I made my way back to the stage area in time to hear a group of CEOs, led by venture capitalist Sameer Dholakia, reflect on how this new era of AI will transform business. Emad Mostaque, the CEO of Stability AI, noted that his company’s text-to-image model has grown from 5.6 seconds to create a single AI image last August to now 40 AI frames per second. “These models are actually very unoptimized,” Mostaque said. “We’re just getting started.” After the panel, Anya Singh, who has worked on search products at Google for almost 16 years, eagerly showed me the website of a company she has invested in called NeuroPixel.ai. It creates realistic, synthetic images of human clothing models for $1 each. Another company Singh has a stake in, REImagine Home, sucks up photos of your seedy home and spits out chic, AI-generated decor.

“Since September I’ve been trying to decorate my house over the internet and it feels really broken,” Singh told me. She created vision boards and designed rooms piece by piece. The estimated cost was in the thousands of dollars per room, and yet the designs “didn’t fit the shape of the whole house or my budget or my needs.” REImagine Home doesn’t solve all of those problems, but it does remove some of the friction, Singh said. “I like to think that this makes poorly efficient systems better.”

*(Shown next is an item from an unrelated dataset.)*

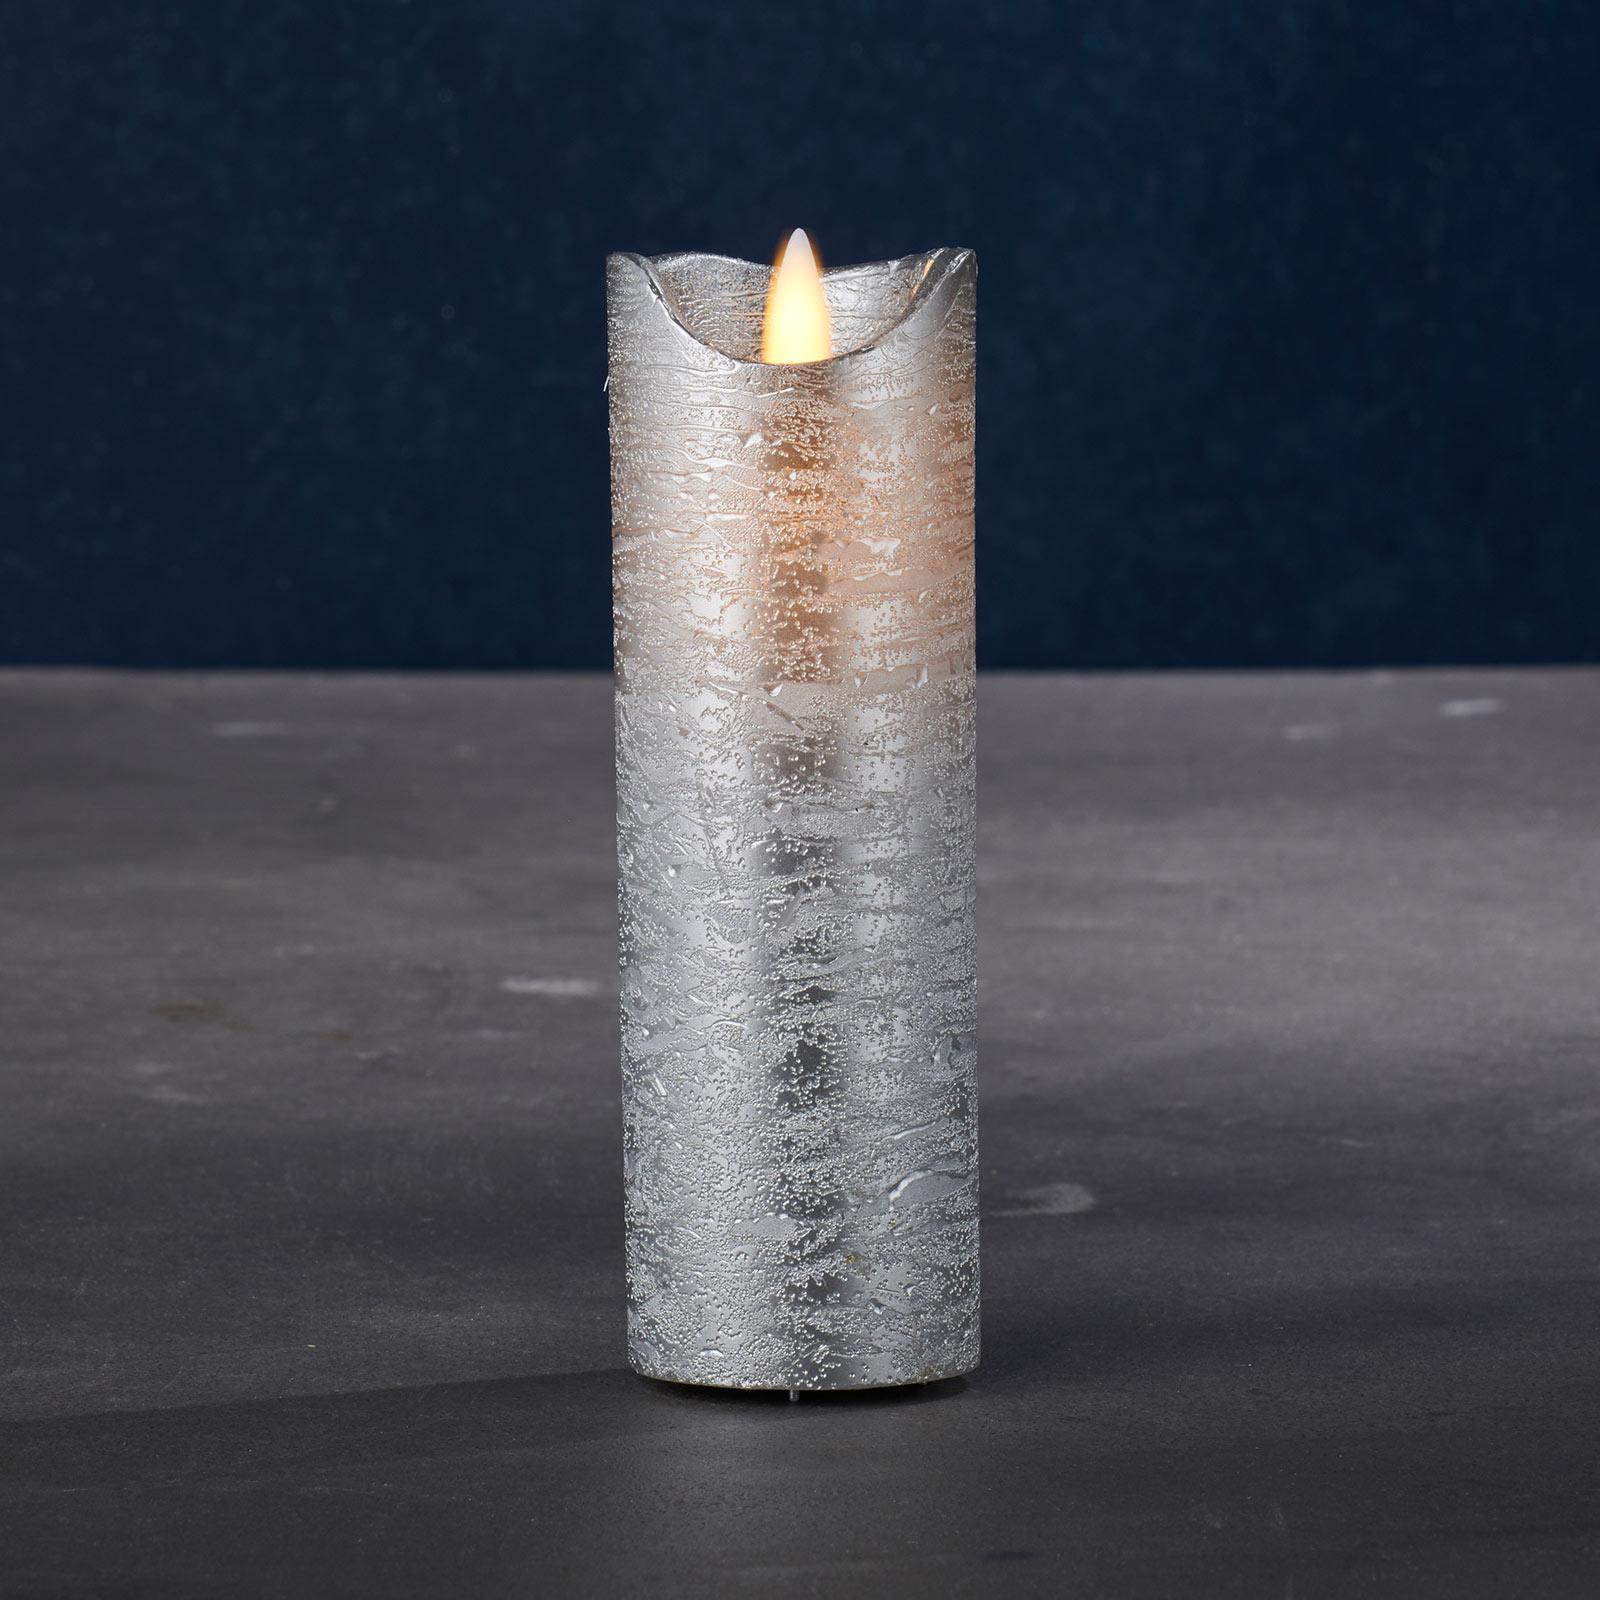 LED-Kerze Sara Exclusive, silber, Ø 5cm, Höhe 15cm
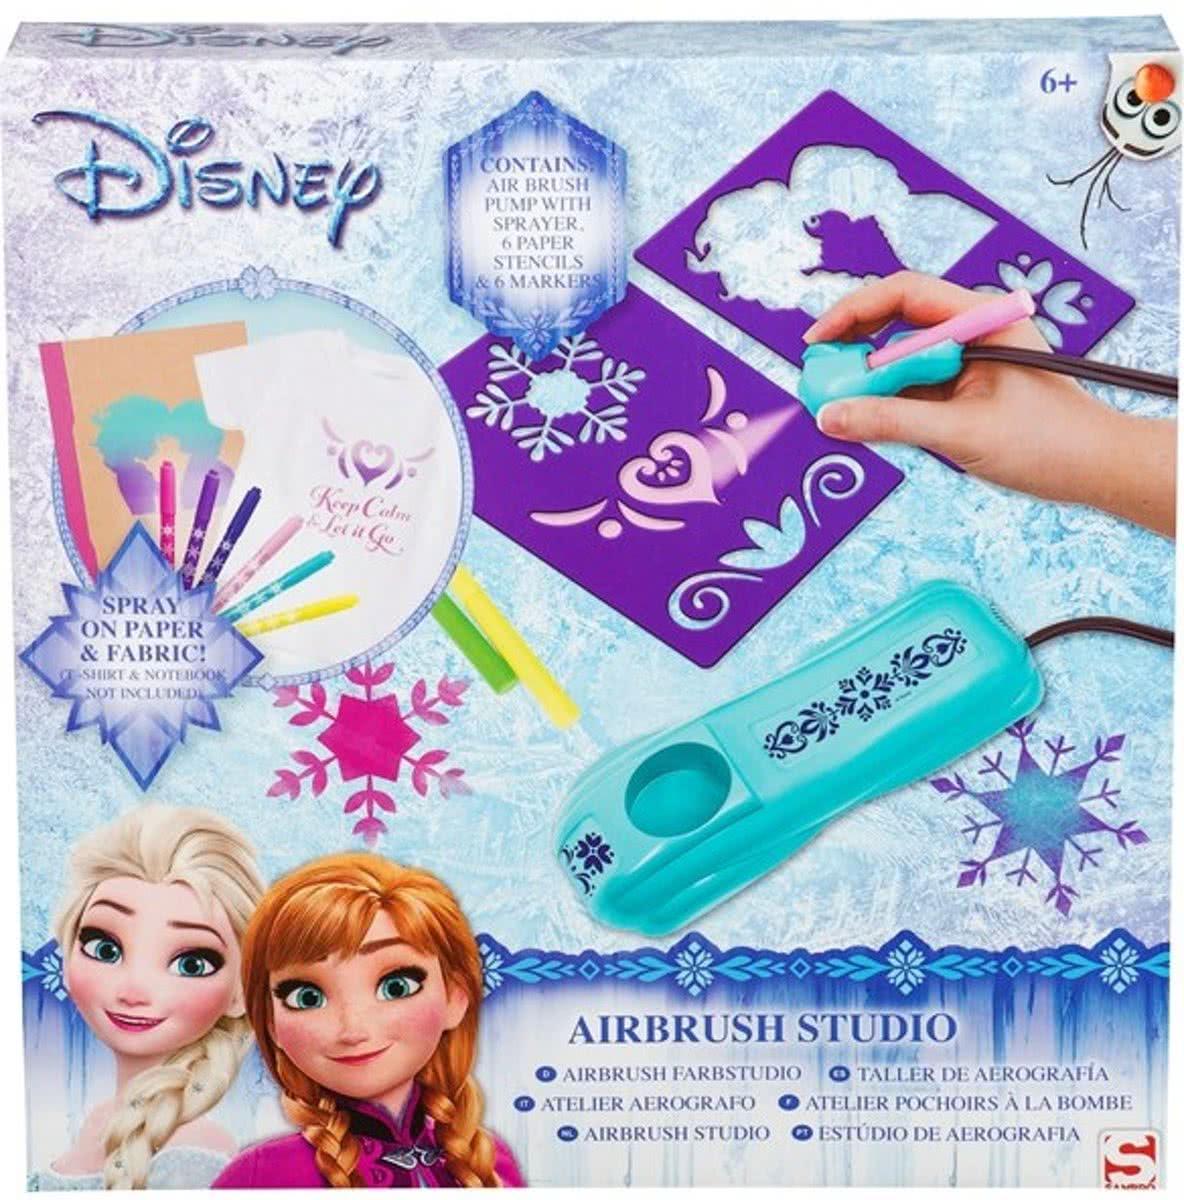 Disney Frozen Verfspuit Studio Electronische Airbrush Station

That’s enough to make any graphic artist, fit model or interior designer shudder. Or is it? Kevin Roose, a New York Times columnist who spoke at the GenAI event, said that FOLO, the fear of impending obsolescence, has clouded our collective vision of an AI-filled future. Extremely social or experiential or manual jobs will still require a human touch. people are safe. Of course, Roose said this quite confidently two days before Microsoft’s new AI chatbot said Roose wanted to be alive, insisted he was in love with him and spat out a list of hypothetical destruction fantasies.

Jordan Harrod, an AI teacher and graduate student at MIT, told the GenAI audience, “At the end of the day, when it comes to how we fit into the equation, the answer is just a human connection. The human factor is incredibly important.” To emphasize this, Harrod pulled up an AI-generated graphic of two people holding hands, with the words “Human Connection” to their left. The macabre image featured four wrists, two hands, and at least 12 fingers in between. It was upsetting. It was also reassuring, if only temporarily.